Именно здесь, в Роузбаде, он попросил руки Памелы. Памела Эдвард когда-то была студенткой этого женского университета. Она была свидетельницей золотых времен Роузбада, когда все, кто считался богатыми наследницами Юга, учились в его стенах. Судья обожал эти правила закрытого клуба. Во главу угла здесь ставилась природа, созерцание, что уже в те времена делало Роузбад уникальным местом. Он всю жизнь мечтал здесь жить, и вот совет университета разрешил ему построить дом его мечты в тени самых красивых и самых старых деревьев в округе, на склоне, спускавшемся к озеру.
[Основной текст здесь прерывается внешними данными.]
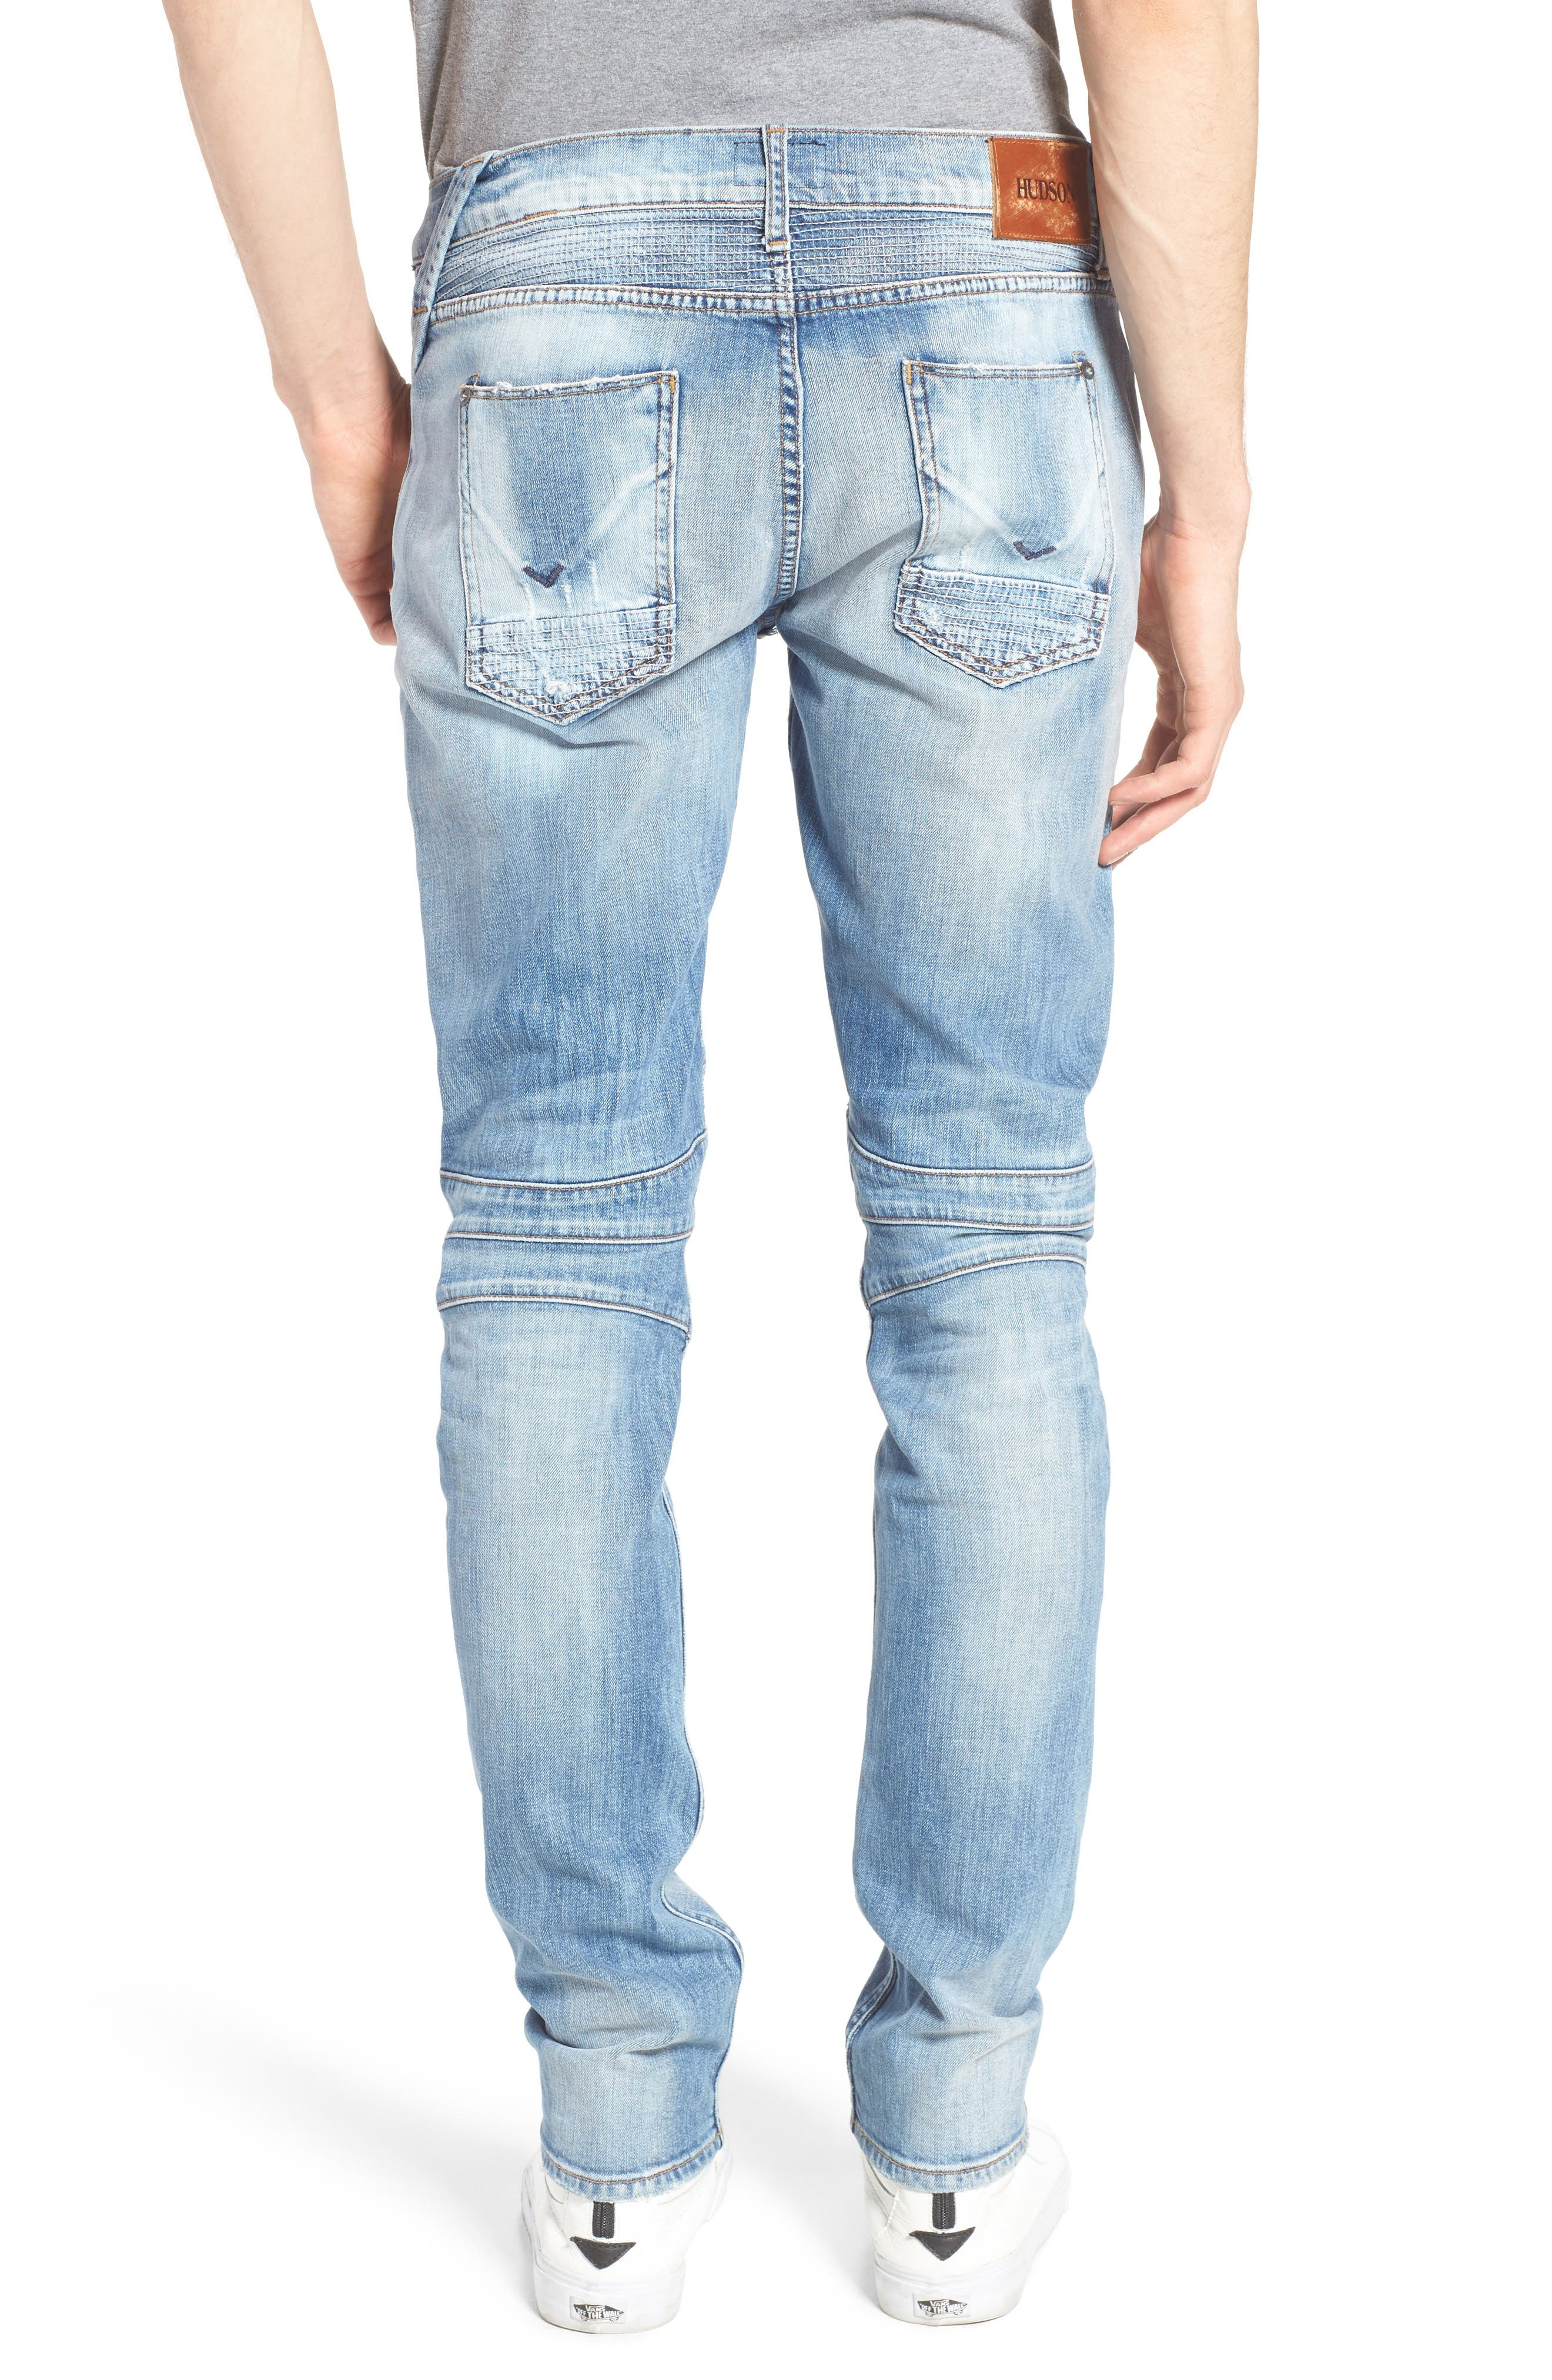 Blinder Skinny Fit Moto Jeans,                             Alternate thumbnail 2, color,                             THRASH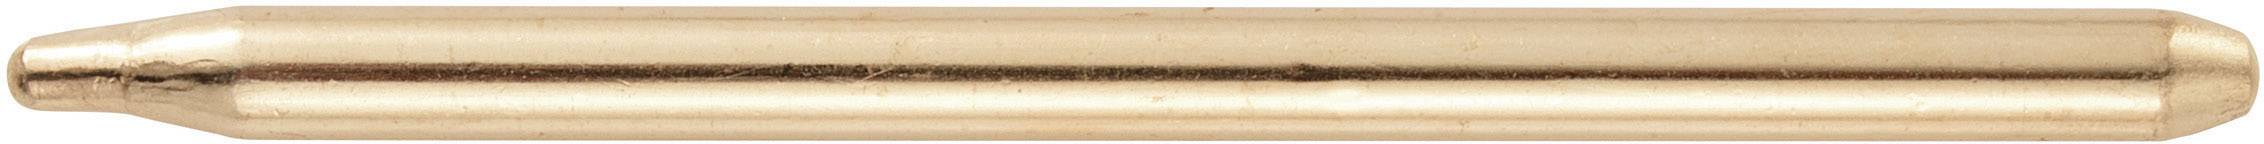 Teplovodná trubka Gelid CP-S6100-01, (Ø x d) 6 mm x 100 mm, měď, voda

Судья Эдвард объяснял, что прозрачные стены дома, его форма, которая словно скользила под деревья, огибала их, не доставая до крон, — все это не иначе как забота о лесе. Если однажды дом исчезнет — и от деревьев не останется никакого следа. В благодарность за оказанную им привилегию, они с Памелой тотчас же завещали дом Роузбаду.
— После нас здесь будет университетская школа орнитологии, а потом… потом дом исчезнет, но мы не сломаем ни одной ветки, не пораним ни одного деревца.
Впервые я увидала этот дом в разгар бабьего лета, под вечер, когда деревья отбрасывали свои зеленоватые тени на огромный застекленный фасад. Осень здесь, по словам судьи Эдварда, ослепляла пурпуром и золотом, а весна очаровывала влажно-серебристыми отблесками ольх и папоротников в ложбинах. Он ни слова не сказал о зиме, своей любимой поре года, когда всё очищается. Он пользовался наготой деревьев, чтобы делать с них карандашные наброски.
— У нас тут представители десяти домов в одном, — сказал он, раздвигая входную дверь, словно театральный занавес.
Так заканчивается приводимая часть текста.